2) The authors must clearly explain their criteria for inclusion/exclusion of a candidate LLPS protein - are proteins shown to be clearly driving phase separation included or any protein that is associated with LLPS included, etc.

Authors’ reply: BIAPSS analyses were applied for over 500 proteins collected as a joint, non-redundant, and high-quality superset of proteins derived from several primary databases of curated LLPS deposits, including PhaSePro (proteins driving LLPS in living cells); PhaSepDB (LLPS-related proteins, manually curated); LLPSDB (proteins undergoing liquid-liquid phase separation in vitro with experimental validation, manually curated). Details are provided in the 3rd paragraph of section 2.1 Introduction of BIAPSS. Further, the summary page of the SingleSEQ analysis (https://biapss.chem.iastate.edu/single_seq.html) shows in which primary databases the sequence is present.
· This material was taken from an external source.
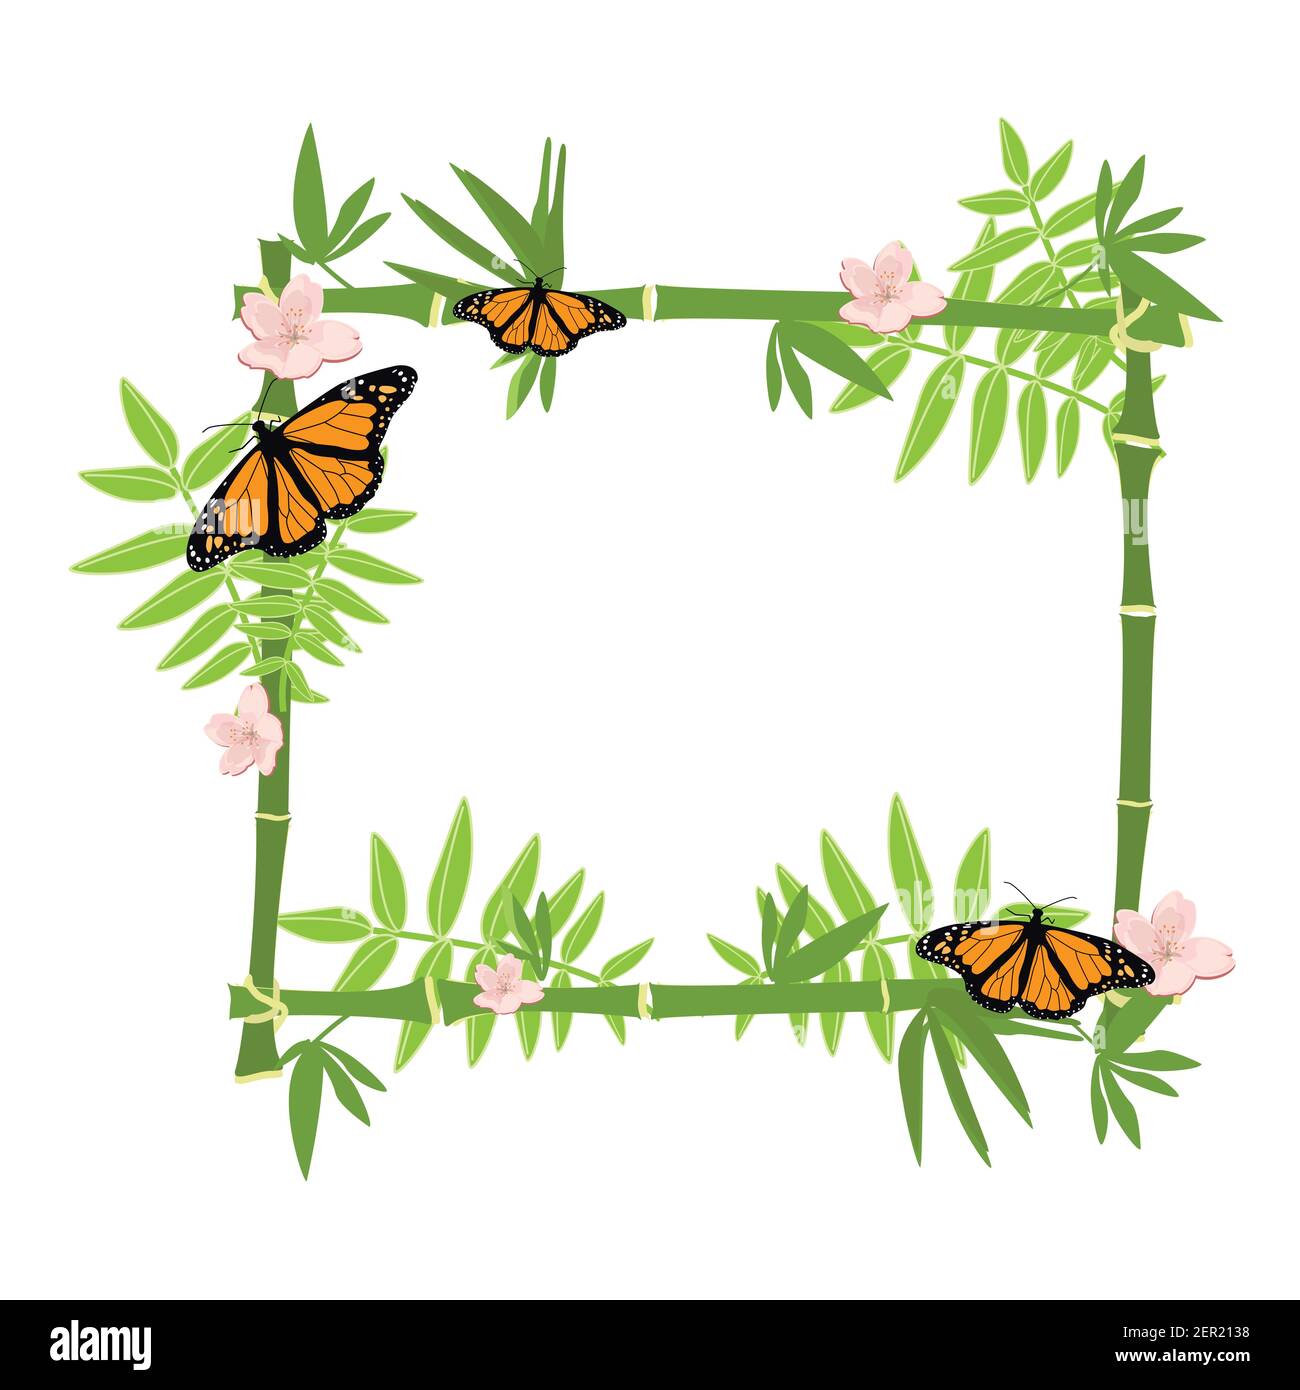 https://c8.alamy.com/comp/2ER2138/vector-illustration-tropical-island-frame-border-poster-with-exotic-flowers-butterflies-and-plants-bamboo-frame-monarch-butterfly-2ER2138.jpg

That allows the user to assess the reliability more confidently whether the protein is driving LLPS or only associated with LLPS. Under different conditions or different compositions of biomolecules, both scenarios can be true, especially if the sequence is strongly multivalent.

 

3) There are several ways by which BIAPSS could be expanded into and for insights from BIAPSS to discover unknown LLPS proteins. It would be great for the authors to discuss such potential applications in a paragraph.

Authors’ reply: That is a great point. Thank you for this suggestion. We have added an appropriate paragraph in the Conclusions section.

 

When the current version of BIAPSS enables convenient and insightful analysis of large non-redundant and high-quality LLPS protein supersets, there are several directions through which our platform could expand to discover unknown LLPS proteins. That includes analyzing physicochemical and structural properties for customized protein sequences and introducing several LLPS indicators trained with machine learning to reveal coupled effects. The new functionality will find applications for flexible sequence redesign to introduce or modulate phase separation. Among many beneficial uses, it could tailor the properties of modern biomaterials or open-up new directions in the development of medical therapies.